Season 24, Episode 72
First aired May 7, 2020
Welcome back! Let’s journey together, through the magic of Ros na Rún, to a time when we could eat in restaurants, speak to people in the street, and most of us could go out in public without always accidentally kissing Mack, Katy. Yes, it’s the village of Ros na Rún in The Before Time, when sneezing in someone’s face was met with good-natured laughter and nobody worried much about coughing, unless of course they were Maggie.
We open this episode, directed by all-around good egg Eamonn James Norris, in the Daly kitchen, which this season has been the scene of 50 percent of all screaming and 90 percent of all screaming the word “faduda.” The other 10 percent is a mobile circle one meter in diameter that follows Katy around. Dee flounces into the kitchen where John Joe and Mack are attempting to operate a kettle and a coffee cup, respectively, and we can tell she’s in a good mood because her ponytail is swinging so bouncily that it’s sweeping the pictures off the walls. Mack looks afraid, which is of course always the sensible response to watching Dee enter a room, and she brightly explains that she’s printed out their tickets to Australia, which she sticks on the fridge. He asks why she’s printed them out given that nobody under the age of 900 does that anymore, and her non-answer is, “We’re leaving in a few days, so why not?” She and her ponytail exit, and you can tell by the intensely brooding look on Mack’s face that the toast he’s holding is about to get the buttering of its life. Another reasonable question might be where Dee obtained actual airline card stock on which to self-print her tickets, but I digress.

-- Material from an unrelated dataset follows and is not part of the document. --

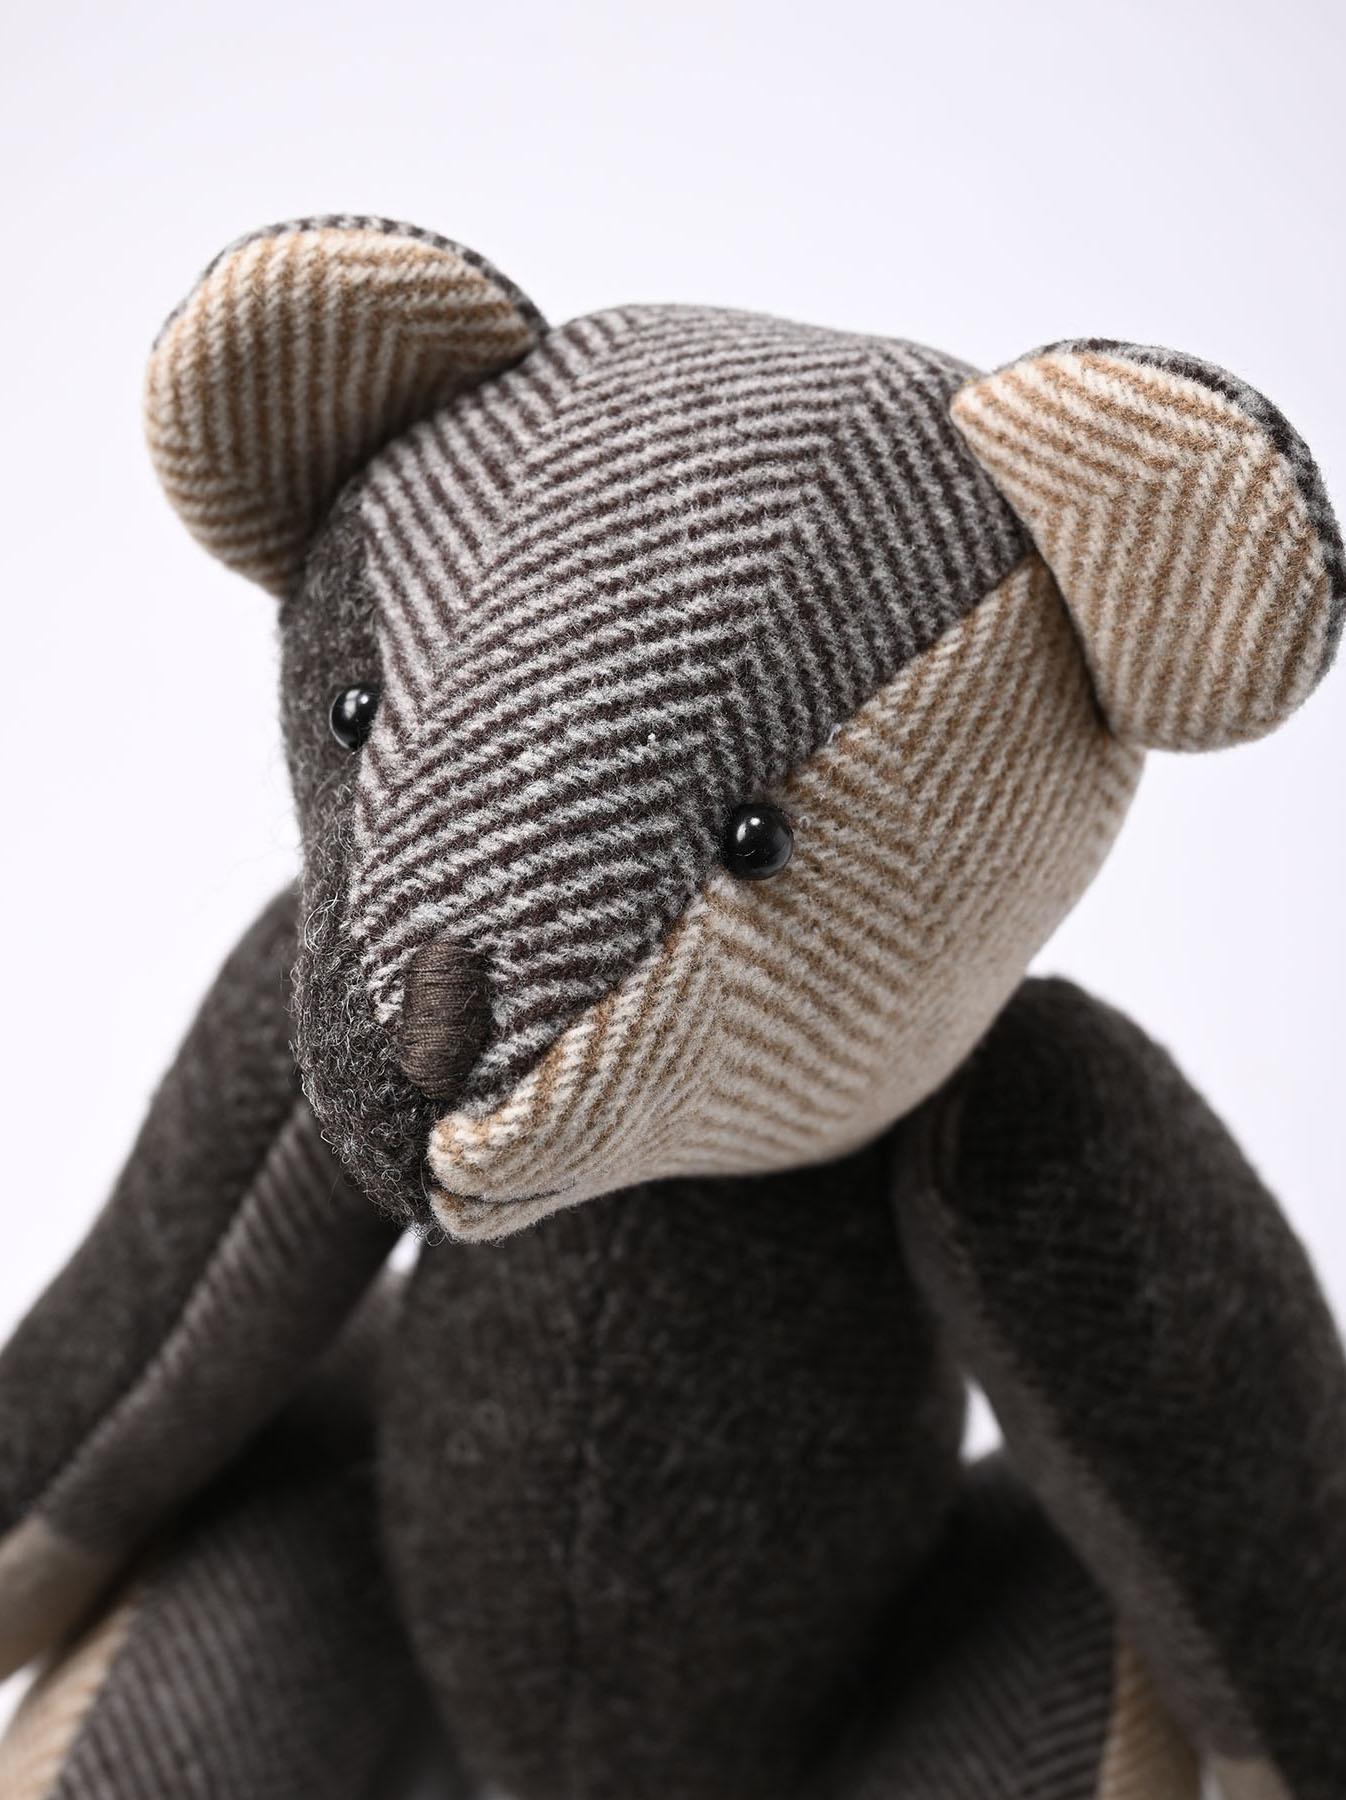 Stuffed Toy Bear-7

Over at the flophouse, the population of which has grown so rapidly since our last recap that it is now the third largest city in Ireland, Sorcha’s mother is anxiously suggesting places the two of them could go today instead of her doctor’s appointment, such as a couples root canal at Tayto Park or to have their skin burned off with lavender-scented sulfuric acid at Loinnir. Sorcha replies supportively that she knows her mother, whose name is apparently Sadie but whom we will always think of as Bettina, is nervous about going to the doctor, but reminds her gently that they’ve been waiting a long time for this appointment, and that everything will be OK. It would be more OK if the town doctor were still sexy Easter Island head Dr Tiarnán, rrowr. Sorcha has been lovely during this storyline, which is kind of a bummer, because she was a lot more fun when she was a complete snot whose main function was to annoy everyone with her stank attitude and problematic jam.